Les parcours de visite des habitants montrent qu’Ils déploient une grande diversité d’itinéraires de visite (fig. 43). Ils témoignent d’une maîtrise importante des dispositions spatiales du site à la fois pour mieux profiter des vues et des principaux points d’intérêt et pour éviter à l’occasion le centre de visiteurs, le parking payant (en se garant plus loin sur la route de Dunseverick) et la portion de sentier la plus empruntée. Si les hauts de falaise sont appréciés pour leurs points de vue, les bas de falaise et la proximité qu’ils offrent avec la géologie du site sont aussi appréciés. Il est intéressant de remarquer ici que si nombreux sont les habitants à critiquer vivement les aménagements réalisés par le National Trust, ils restent encore attachés, malgré leur discours, aux « pierres » tout comme les touristes.

Fig. 43 : parcours des habitants sur le site de Giant’s Causeway renseignés par GPS et tracés sur cartes papier.

Les parcours de visite des touristes (fig.43) se conforment au corridor touristique décrit précédemment même si le sentier des hauts de falaises est clairement mobilisé par certains d’entre eux. Visiblement, certains touristes privilégient la promenade en solitaire, en s’affranchissant du tour commenté organisé par le National Trust.

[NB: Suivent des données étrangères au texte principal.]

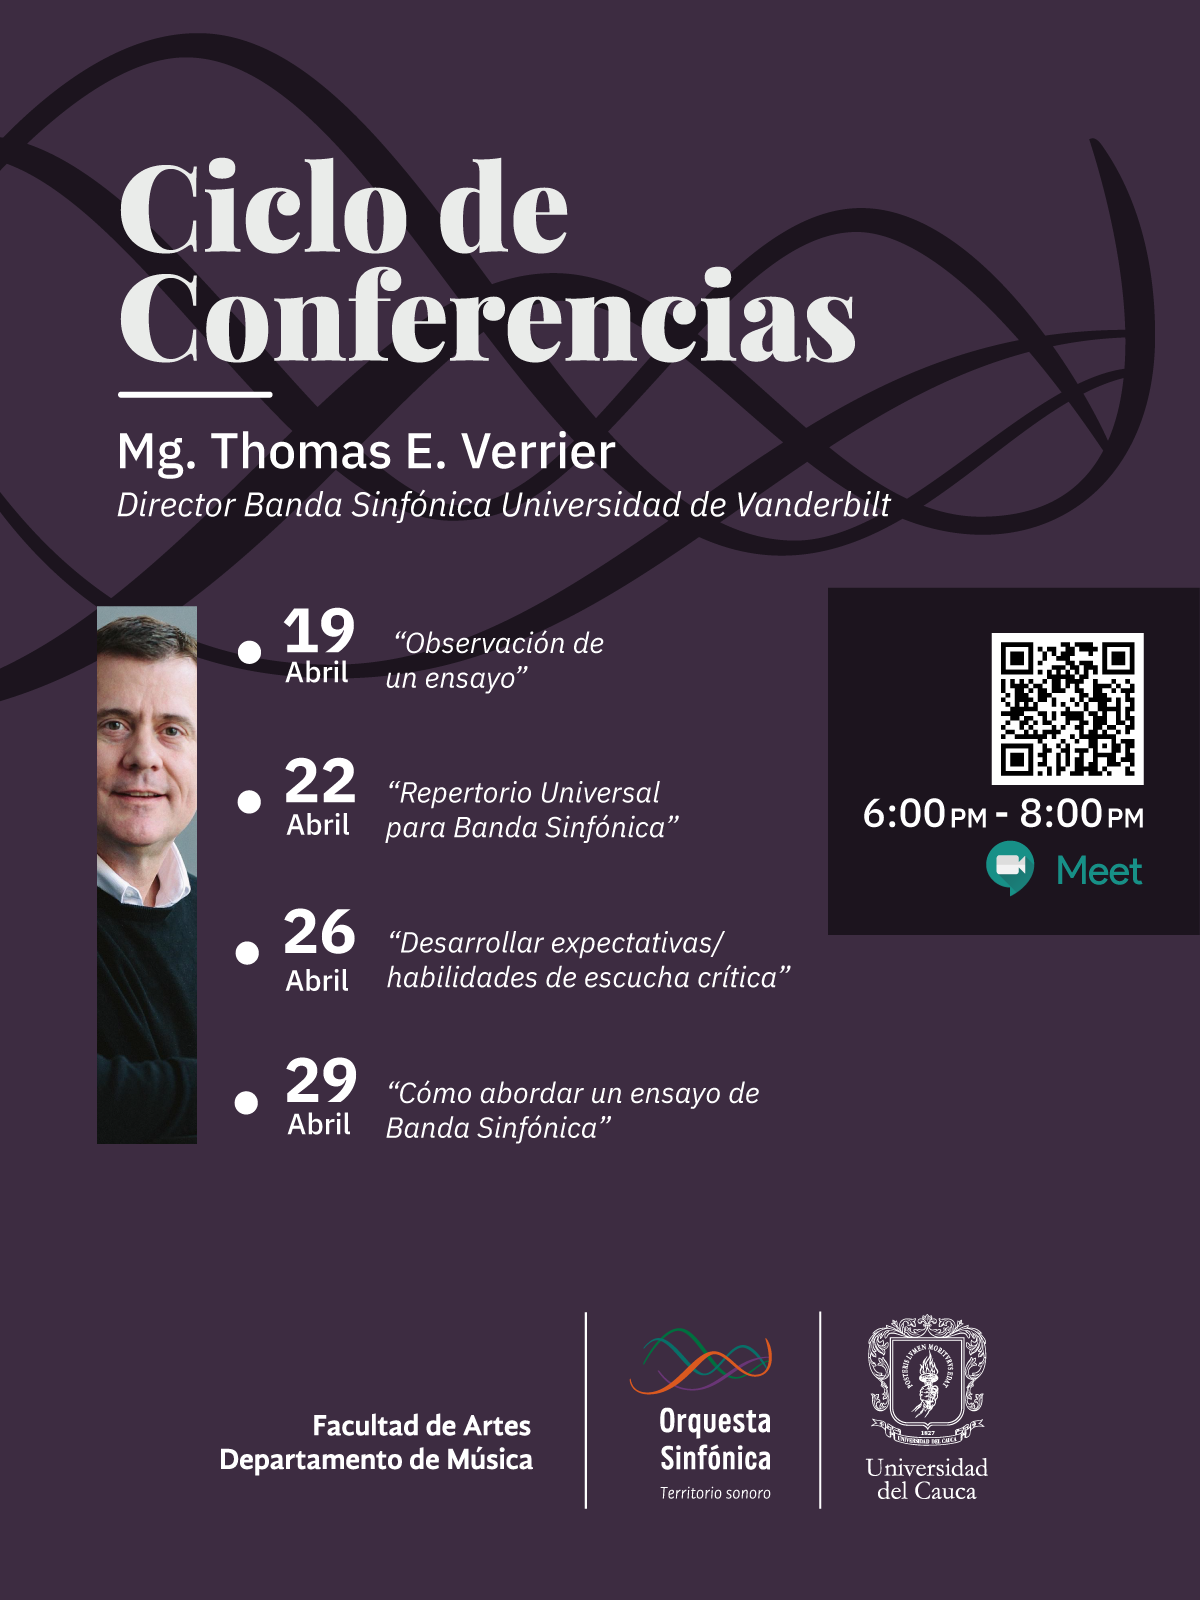 Ciclo de Conferencias con Thomas E. Verrier

Fig. 44 : parcours des touristes sur le site de Giant’s Causeway renseigné par GPS et tracés sur cartes Les parcours des résidents secondaires rencontrés (fig. 45) témoignent finalement d’une synthèse des deux types de parcours précédents. Certains sont des itinéraires construits « hors des sentiers battus » lorsqu’ils empruntent les portions les plus éloignées du sentier du haut de falaise ou qu’ils dévient par rapport à l’entrée principale du site, tandis que d’autres sont relativement conformes au « corridor touristique » qui se déploie du centre de visiteurs jusqu’aux « pierres ». Certains parcours de résidents secondaires sont des itinéraires hybrides empruntant des moments des parcours les plus fréquents des habitants ou des touristes.

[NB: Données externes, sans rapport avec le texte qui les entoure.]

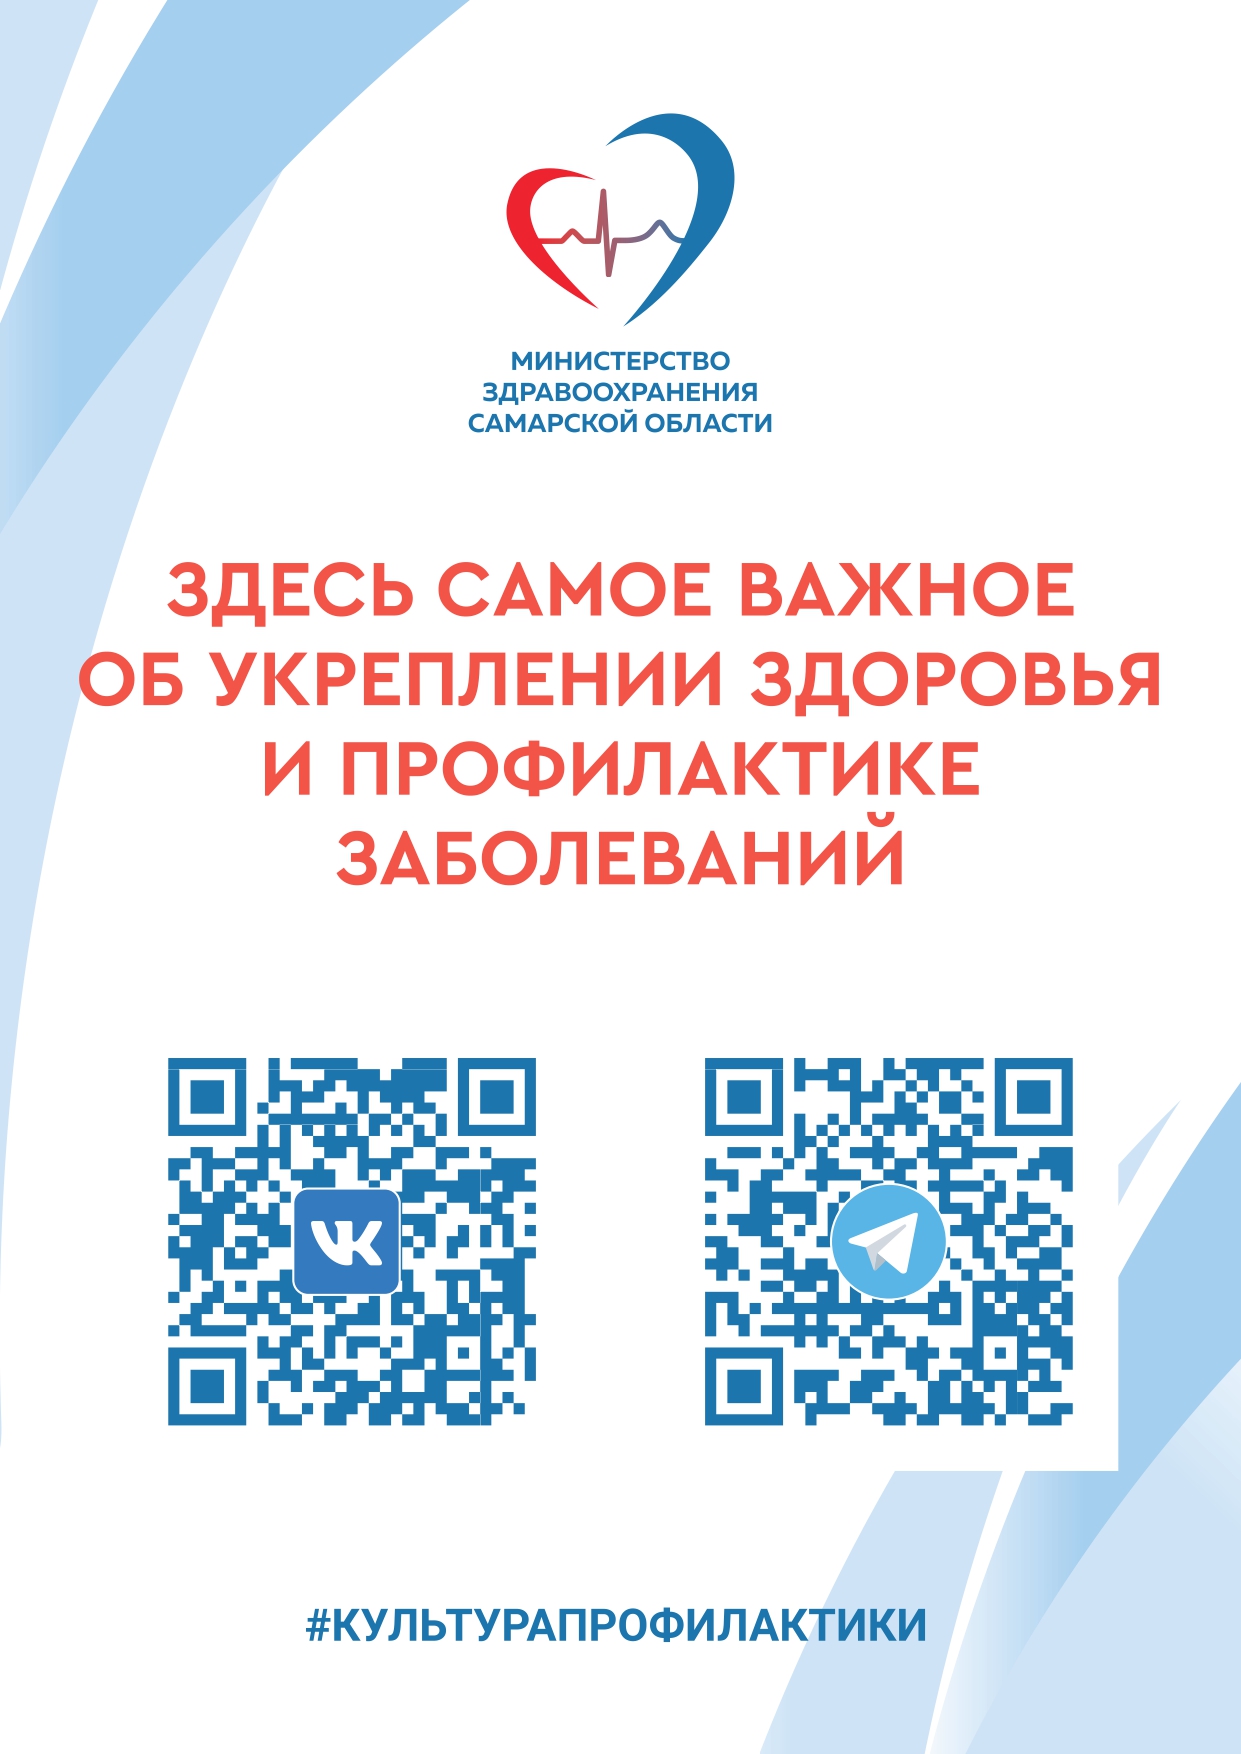 Подписывайтесь на сообщества министерства здравоохранения Самарской области!

Fig. 45 : parcours des residents secondaires sur le site de Giant’s Causeway renseignés par GPS et tracés sur cartes papier

Les sentiers sont donc pratiqués par tous les types de visiteurs et les parcours de visite tendent à une certaine homogénéité, et ce malgré de petites variantes en fonction des modes de résidence. Les parcours sont centrés sur le littoral et sur les « pierres » de la Chaussée des Géants et forment un « corridor touristique » très fréquenté. De manière ponctuelle, des visiteurs s’extraient de ce schéma et prennent l’initiative de parcourir les sentiers qui continuent en haut de falaise au-delà de Sheperd’s Path ou vers Portnaboe sur des distances plus longues, découvrant d’ailleurs que l’entièreté du site s’apprécie davantage ainsi. Quelques très rares visiteurs semblent également s’affranchir de la barrière de sécurité posée à Port Reostan pour interdire l’accès du sentier mis en danger par les risques d’érosion, témoignant à l’occasion d’une recherche plus grande de liberté.